%%

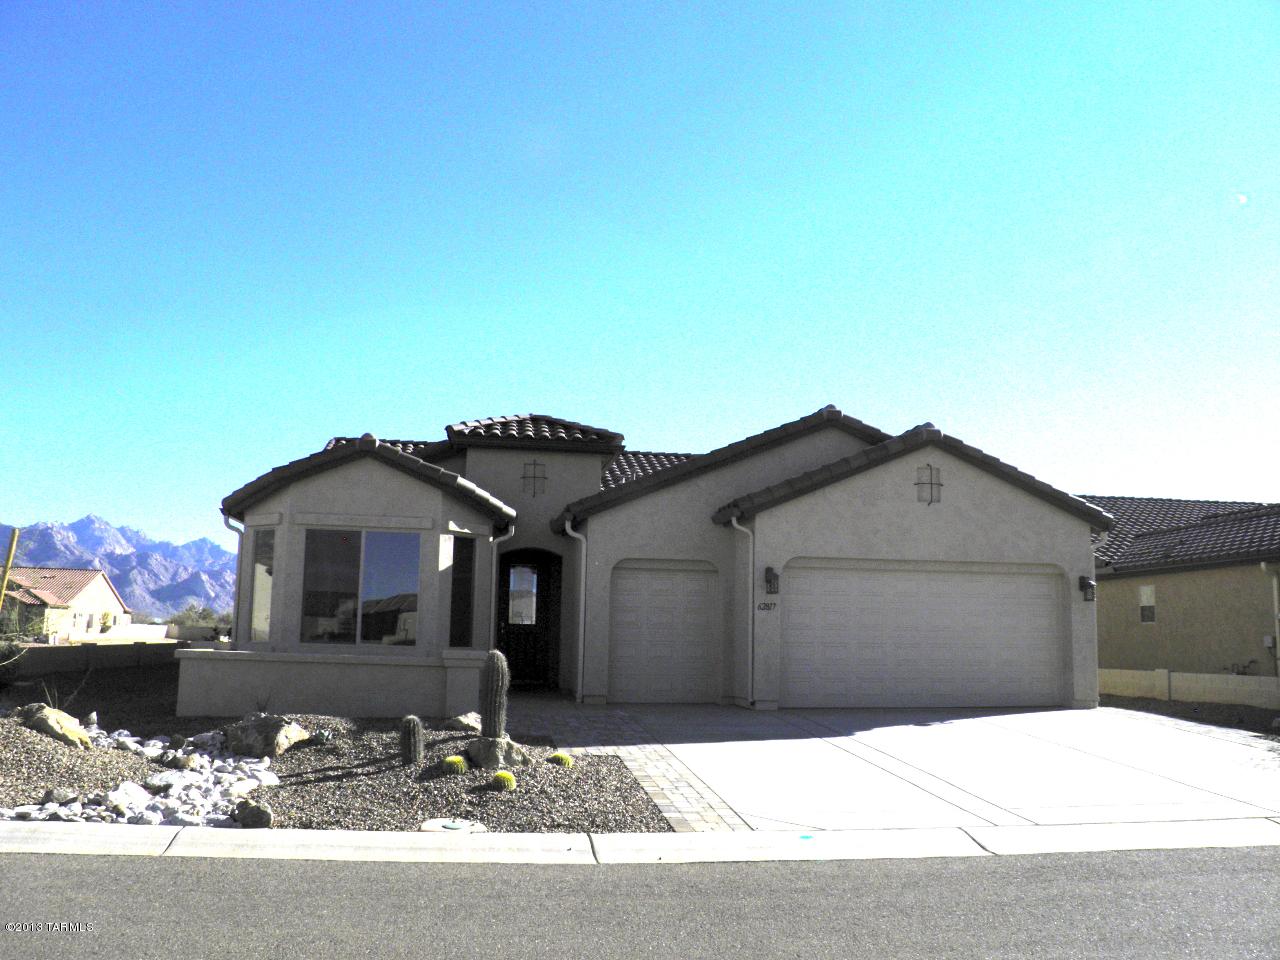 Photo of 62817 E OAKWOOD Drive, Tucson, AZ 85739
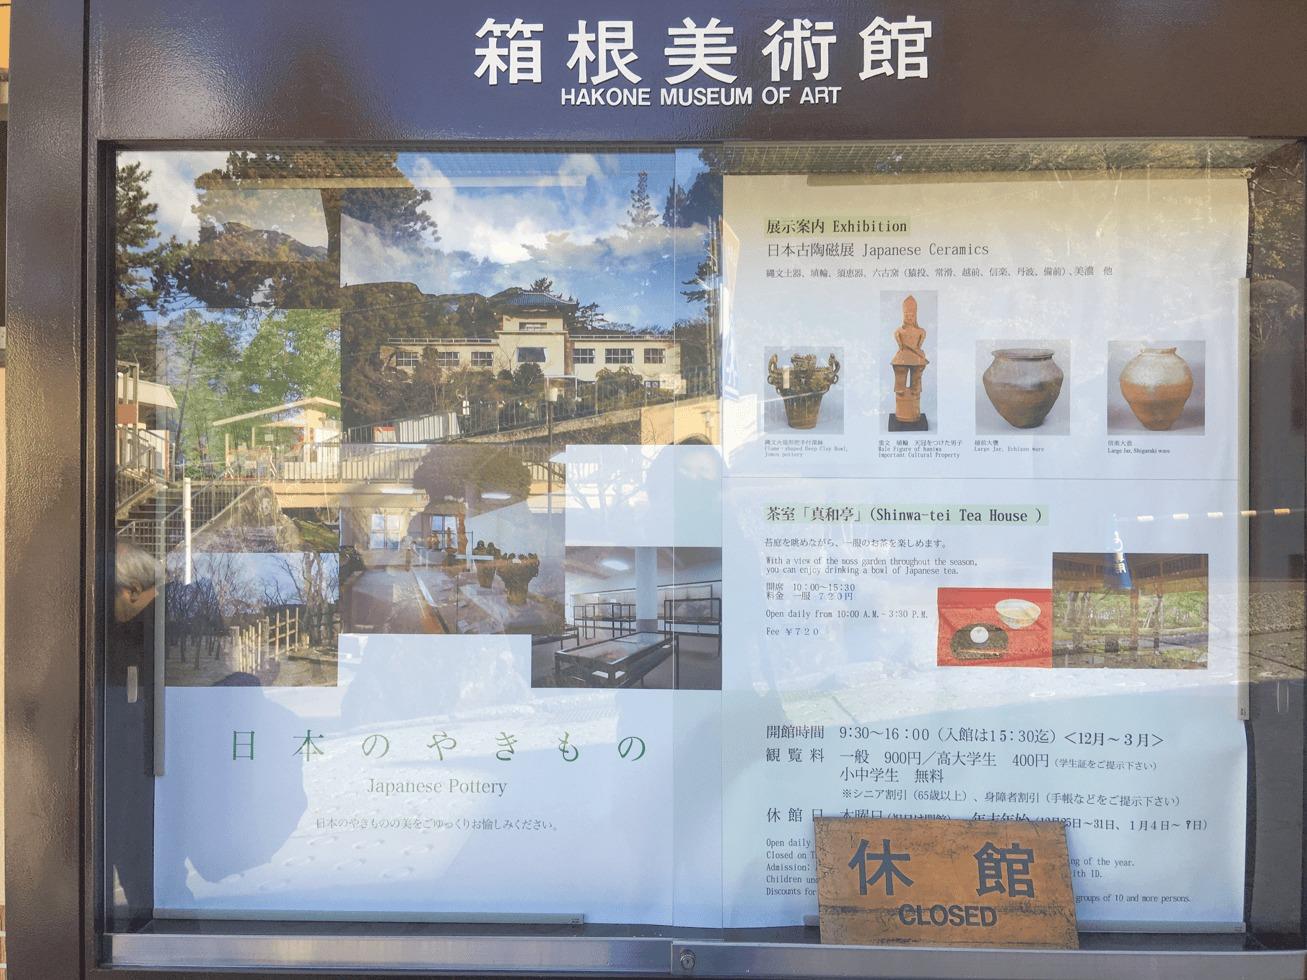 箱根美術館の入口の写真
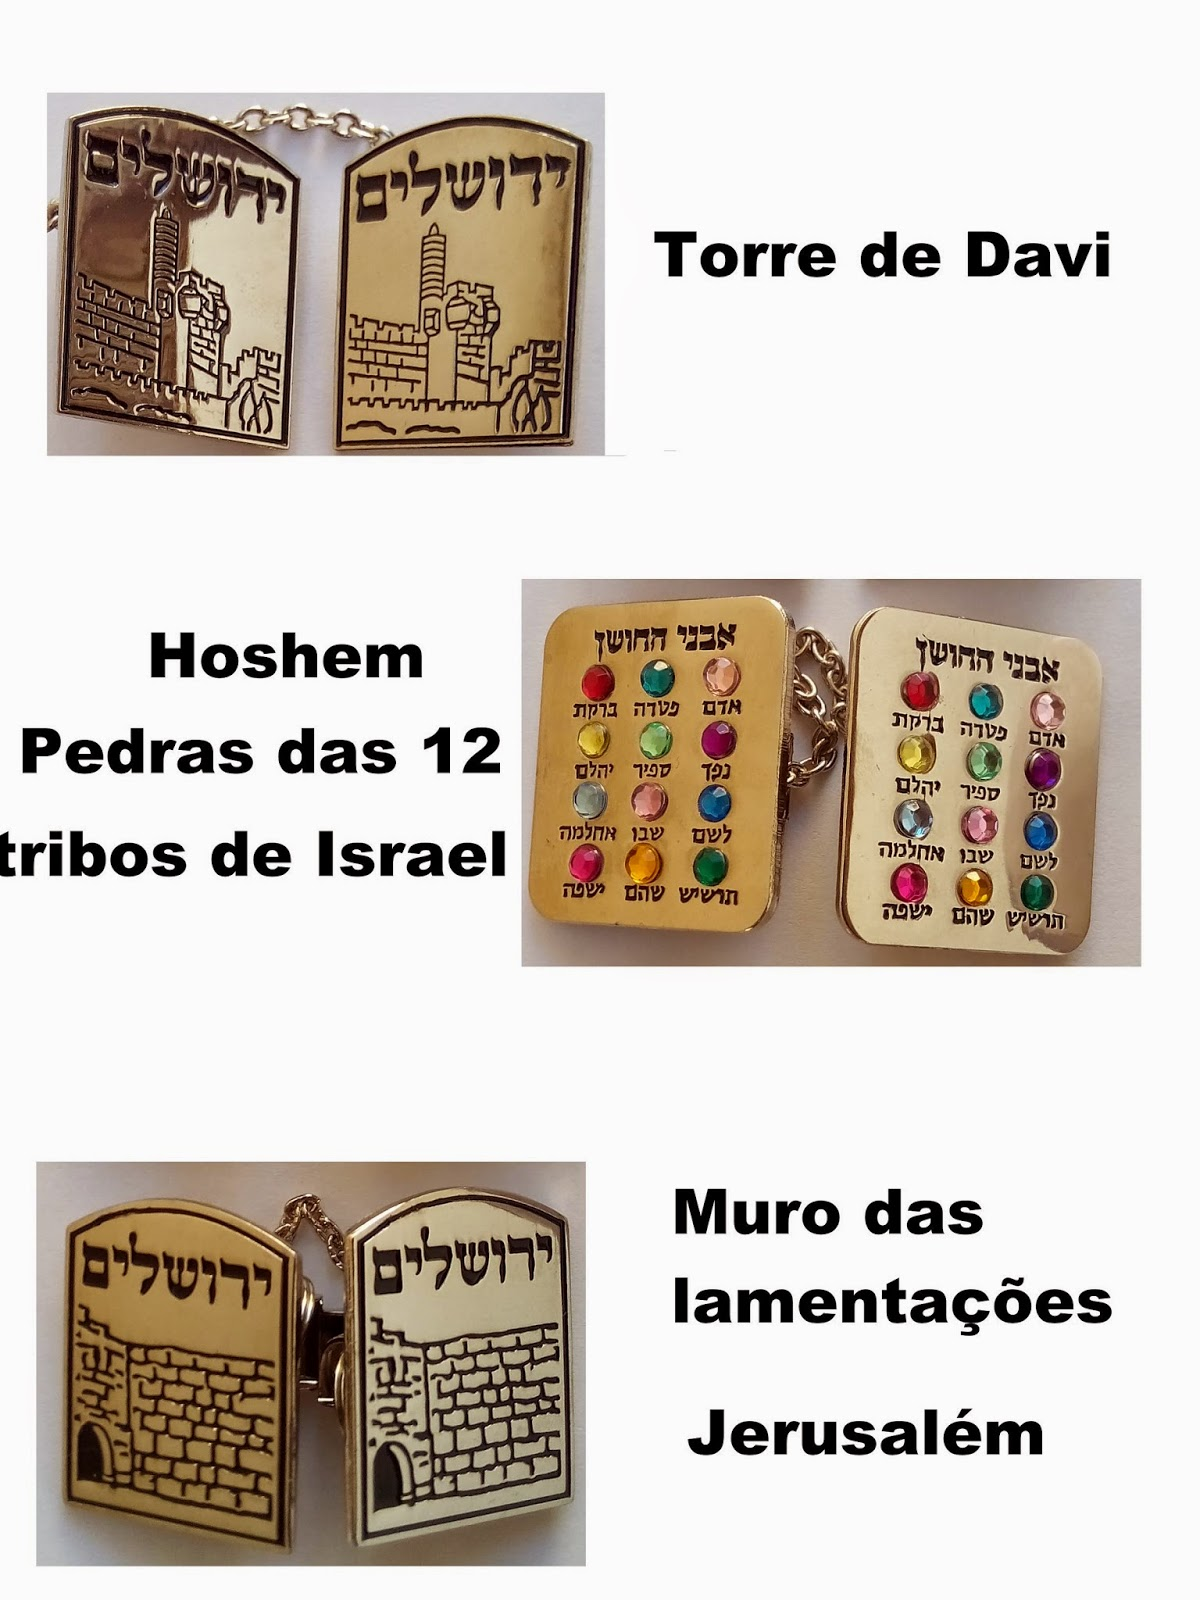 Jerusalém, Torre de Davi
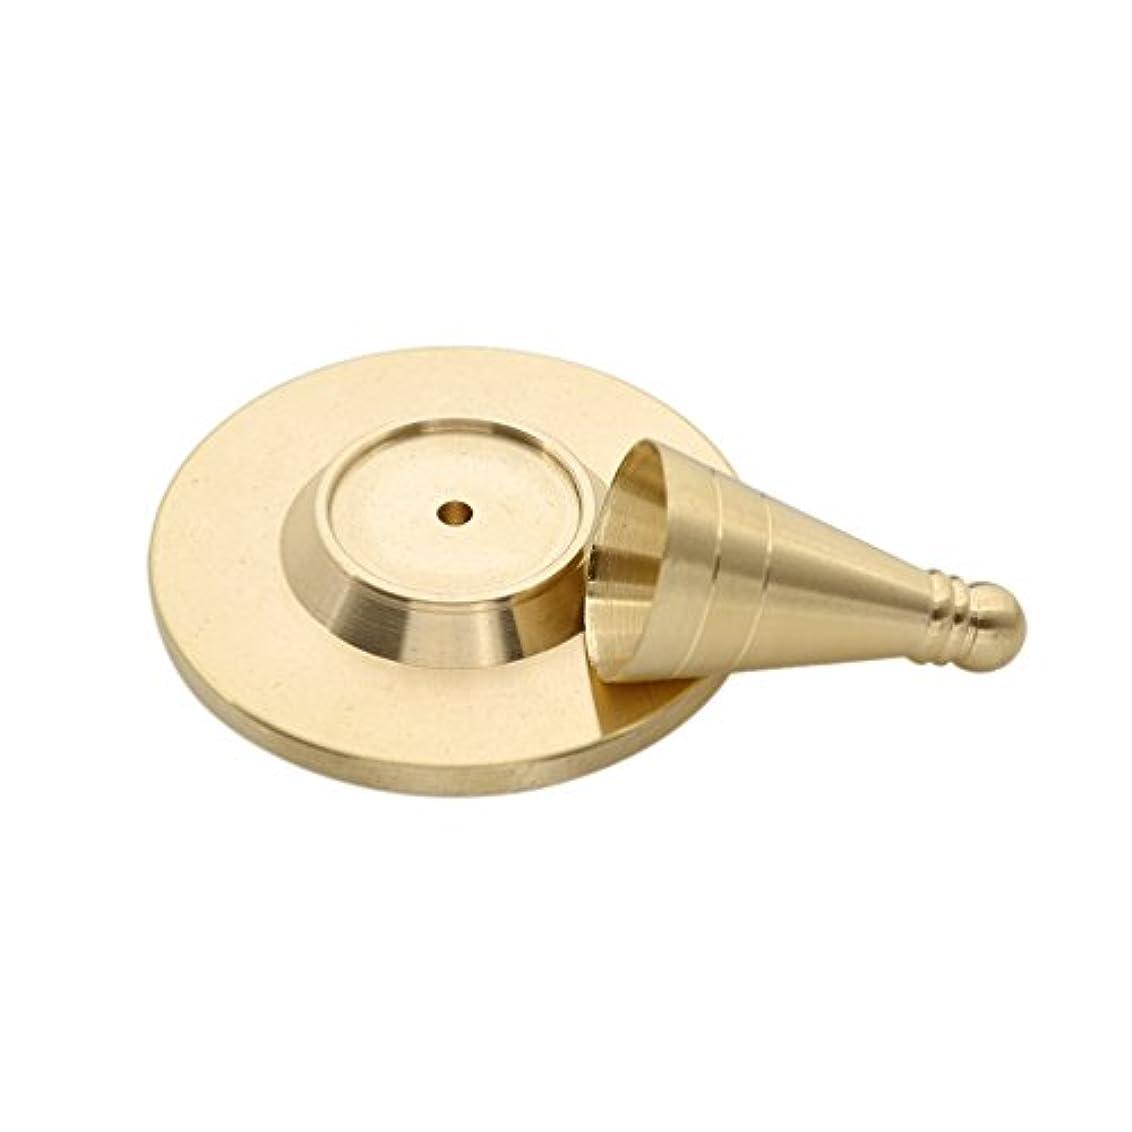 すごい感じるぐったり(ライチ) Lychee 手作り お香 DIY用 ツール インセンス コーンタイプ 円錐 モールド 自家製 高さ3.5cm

%%

### WHAT TO DO
Repeat the data in full and exactly. Omit pictures.

### ANSWER SPACE
 Photo of 62817 E OAKWOOD Drive, Tucson, AZ 85739
 箱根美術館の入口の写真
 Jerusalém, Torre de Davi
 すごい感じるぐったり(ライチ) Lychee 手作り お香 DIY用 ツール インセンス コーンタイプ 円錐 モールド 自家製 高さ3.5cm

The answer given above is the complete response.